Combined Cytotoxic and Immune-Stimulatory Therapy for Glioma

A Non-randomized, Open-label Dose-finding Trial of Combined Cytotoxic and Immune-Stimulatory Strategy for the Treatment of Resectable Primary Malignant Glioma

Despite the marginal improvements in survival of patients suffering from malignant glioma treated with gene therapy vectors, the clinical trials conducted so far using viral vectors, in particular adenoviral vectors, have proven that the use of adenoviral vectors is a safe therapeutic approach, even in large, multicenter, phase 3 clinical trials. Treatment of malignant glioma using gene transfer modalities typically consists of surgical debulking of the tumor mass followed by the administration of the viral vectors into the brain tissue surrounding the tumor cavity.

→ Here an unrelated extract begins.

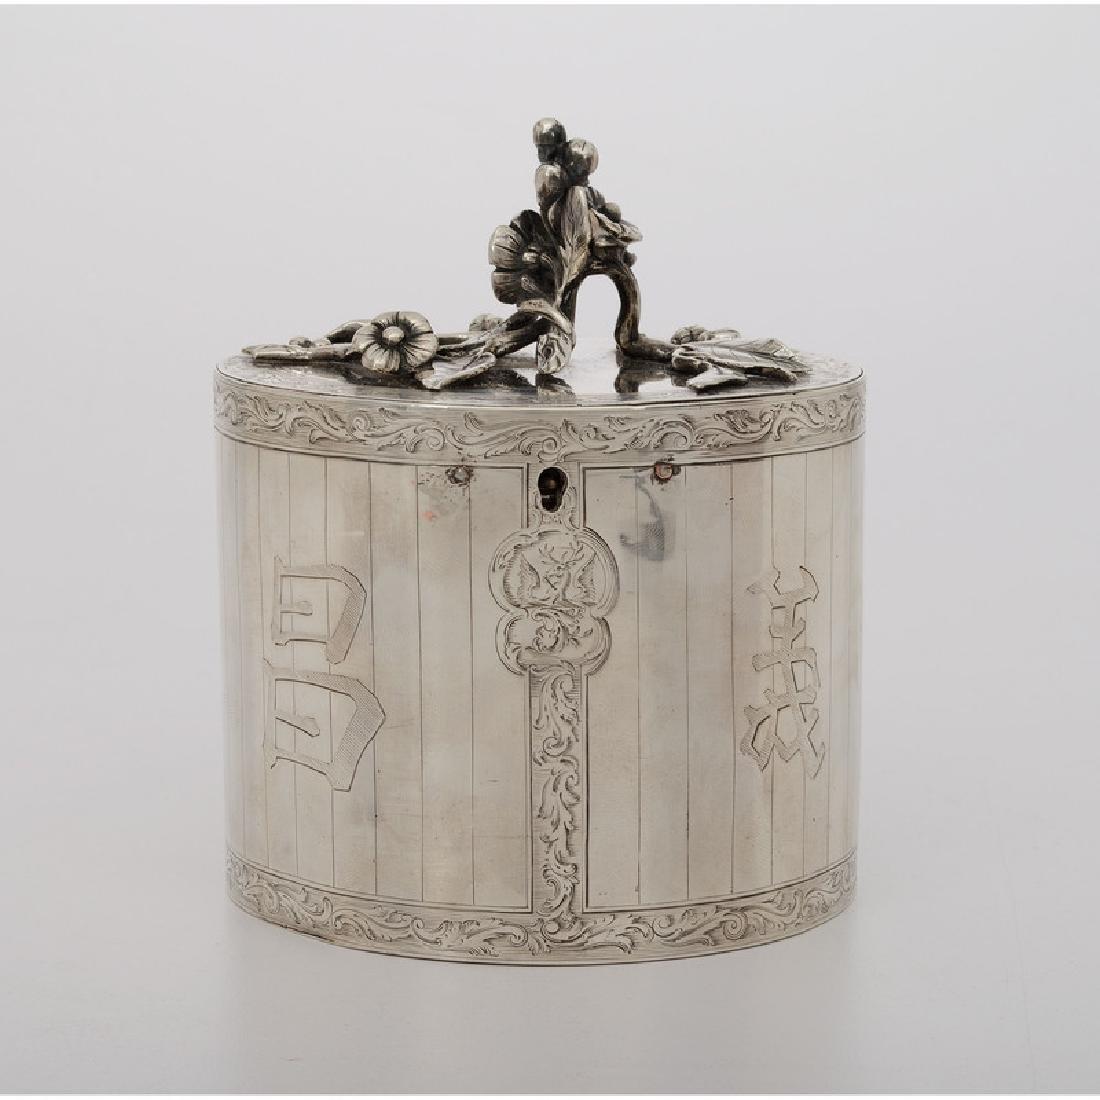 Chinoiserie Silver Tea Caddy, Parker & Wakelin

This study will combine direct tumor cell killing (TK) and immune-mediated stimulatory (Flt3L) gene transfer approaches delivered by first generation adenoviral vectors.

Study Overview

• Status: Completed
• Conditions: Glioblastoma Multiforme; Malignant Glioma
• Intervention / Treatment: Biological: Dose Escalation of Ad-hCMV-TK and Ad-hCMV-Flt3L

Detailed Description

This is a Phase 1, multiple center open label, dose escalation safety study of Ad-hCMV-TK and Ad-hCMV-Flt3L delivered to the peritumoral region after tumor resection. This study will combine direct tumor cell killing (TK) and immune-mediated stimulatory (Flt3L) gene transfer approaches delivered by first generation adenoviral vectors. Treatment with HSV1-TK is expected to kill transduced brain cells, thus exposing tumor antigen. Treatment with Flt3L, a cytokine known to cause proliferation of dendritic cells, should cause the migration of dendritic cells to the peritumoral brain and remaining tumor. There, they will be exposed to tumor antigens released from dying glioma cells through TK + valacyclovir-induced glioma cell death, and thus mediate a specific anti-malignant glioma immune response against remaining malignant glioma cells.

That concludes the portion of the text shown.